NOTE: You should make sure hadoop can be found in the env $PATH.
$ ./data_load/bin/load_tool.sh hadoop-build <path/to/config/file>
The config file should follow a format that is recognized by Java java.util.Properties class. Here is an example:
split.size=256
separator=\\|
input.path=/tmp/ldbc_sample
output.path=/tmp/data_output
graph.endpoint=1.2.3.4:55555
column.mapping.config={"person_0_0.csv":{"label":"person","propertiesColMap":{"0":"id","1":"name"}},"person_knows_person_0_0.csv":{"label":"knows","srcLabel":"person","dstLabel":"person","srcPkColMap":{"0":"id"},"dstPkColMap":{"1":"id"},"propertiesColMap":{"2":"date"}}}
skip.header=true
Details of the parameters are listed below:
Config key |
Required |
Default |
Description |
---|---|---|---|
split.size |
false |
256 |
Hadoop map-reduce input data split size in MB |
separator |
false |
\| |
Seperator used to parse each field in a line |
input.path |
true |
Input HDFS dir |
|
output.path |
true |
Output HDFS dir |
|
graph.endpoint |
true |
RPC endpoint of the graph storage service. You can get the RPC endpoint following this document: GraphScope Store Service |
|
column.mapping.config |
true |
Mapping info for each input file in JSON format. Each key in the first level should be a fileName that can be found in the input.path, and the corresponding value defines the mapping info.

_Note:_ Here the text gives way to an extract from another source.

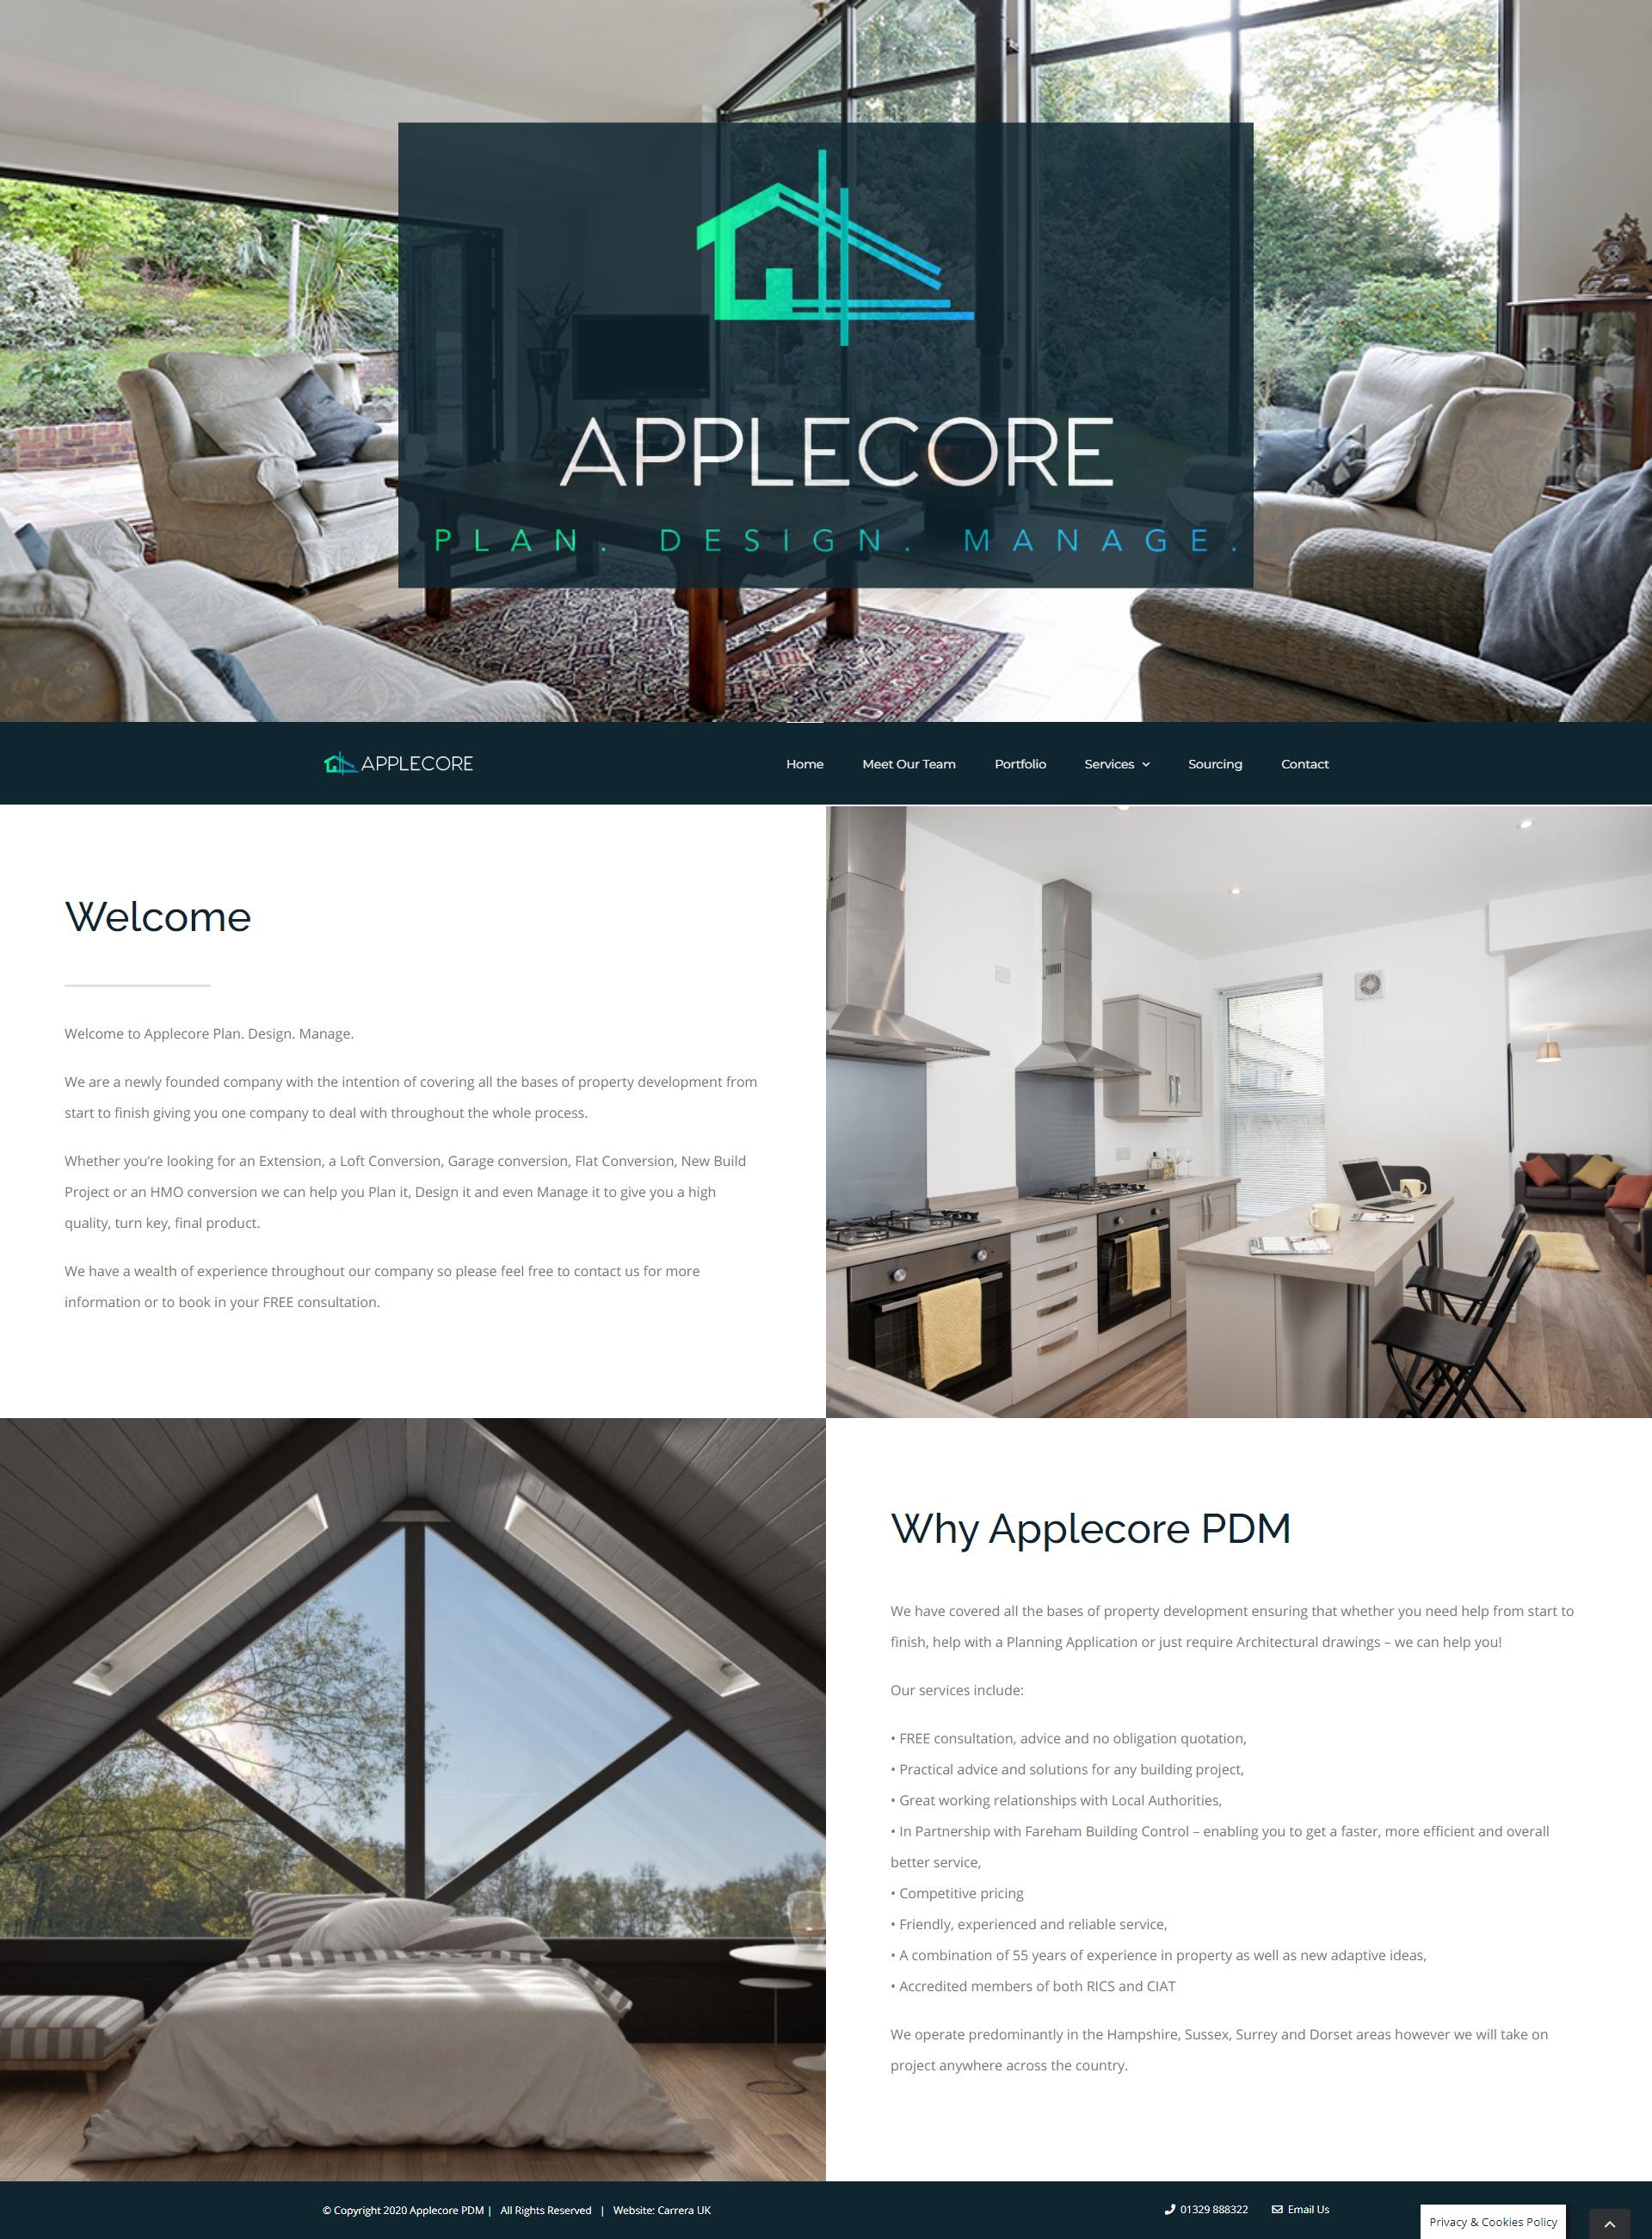 Applecore PDM Website Designed by Carrera UK
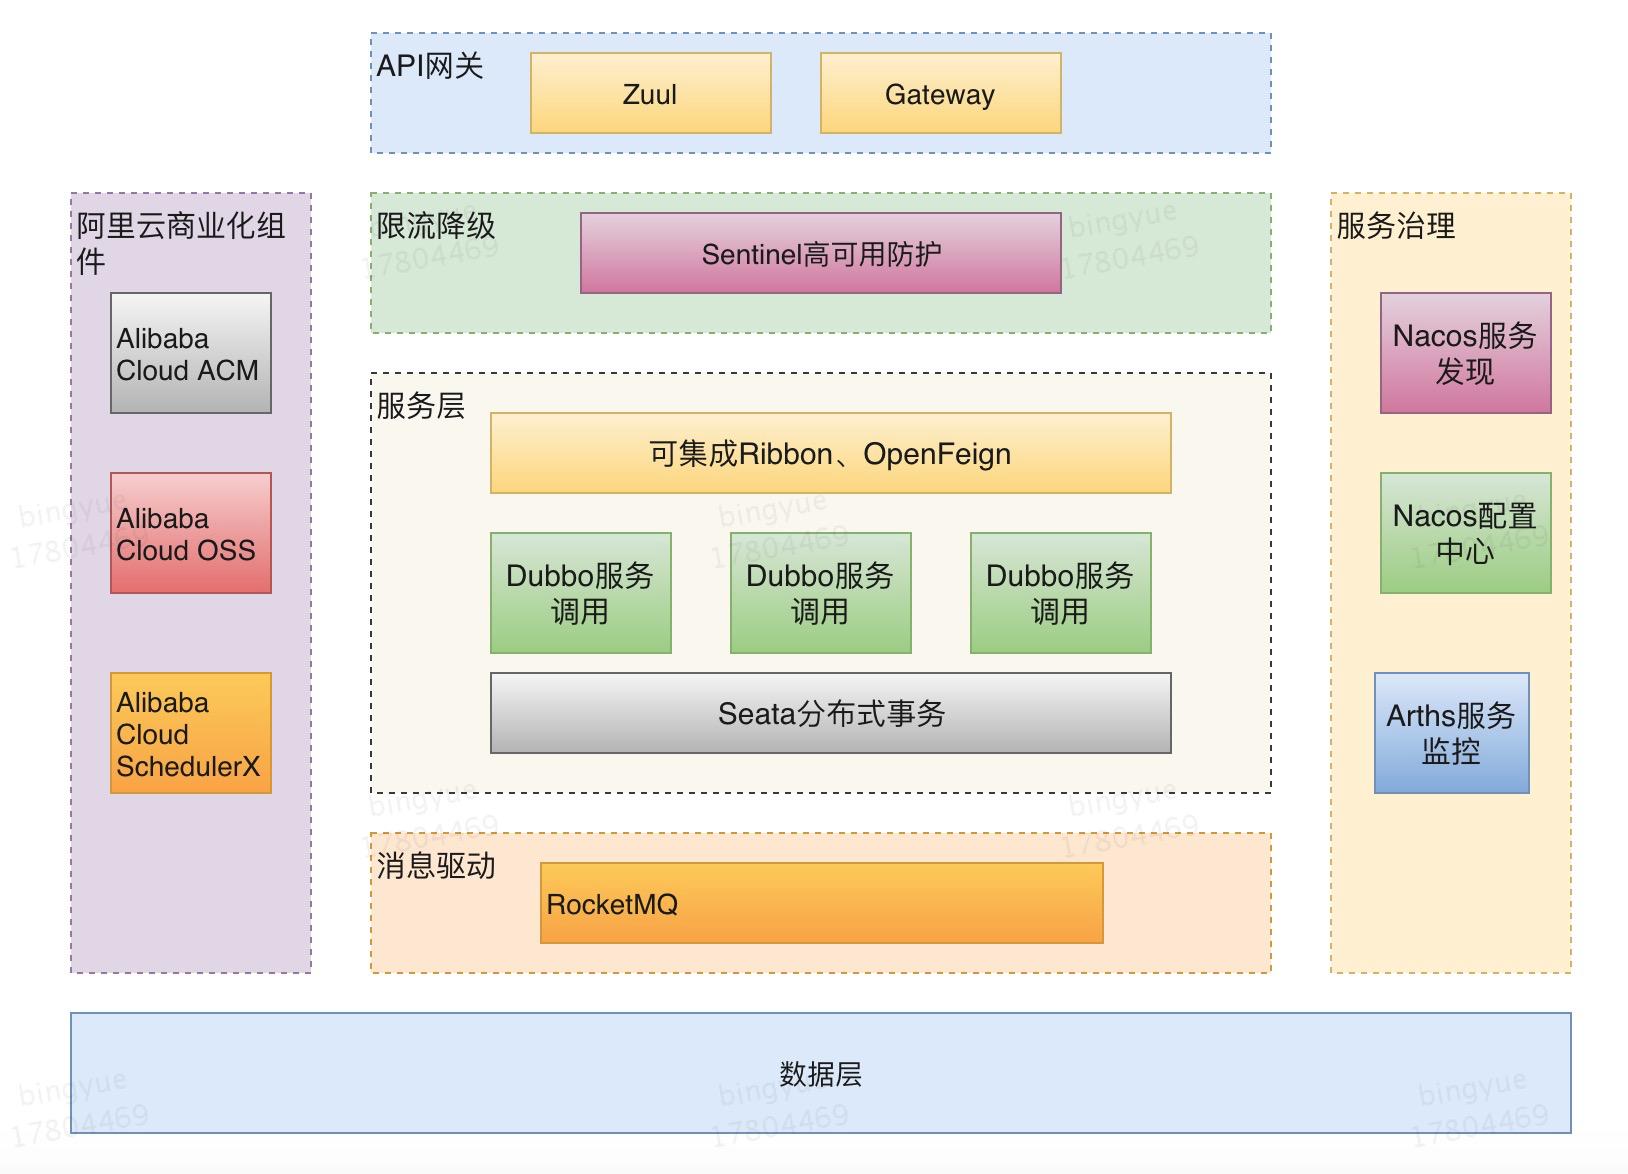 Spring Cloud Alibaba 新一代微服务解决方案

For a vertex type, the mapping info should includes 1) label of the vertex type, 2) propertiesColMap that describes the mapping from input field to graph property in the format of { columnIdx: “propertyName” }. For an edge type, the mapping info should includes 1) label of the edge type, 2) srcLabel of the source vertex type, 3) dstLabel of the destination vertex type, 4) srcPkColMap that describes the mapping from input field to graph property of the primary keys in the source vertex type, 5) dstPkColMap that describes the mapping from input field to graph property of the primary keys in the destination vertex type, 6) propertiesColMap that describes the mapping from input field to graph property of the edge type |
|
skip.header |
false |
true |
Whether to skip the first line of the input file |
After data building completed, you can find the output files in the output.path of HDFS. The output files includes a meta file named META, an empty file named _SUCCESS, and some data files that one for each partition named in the pattern of part-r-xxxxx.sst. The layout of the output directory should look like:
/tmp/data_output
|- META
|- _SUCCESS
|- part-r-00000.sst
|- part-r-00001.sst
|- part-r-00002.sst
...
2. Loading graph partitions¶
Now ingest the offline built data into the graph storage:
NOTE: You need to make sure that the HDFS endpoint that can be accessed from the processes of the graph store.
$ ./data_load/bin/load_tool.sh -c ingest -d hdfs://1.2.3.4:9000/tmp/data_output
The offline built data can be ingested successfully only once, otherwise errors will occur.
3. Commit to store service¶
After data ingested into graph storage, you need to commit data loading. The data will not be able to read until committed successfully.
$ ./data_load/bin/load_tool.sh -c commit -d hdfs://1.2.3.4:9000/tmp/data_output
Notice: The later committed data will overwrite the earlier committed data which have same vertex types or edge relations.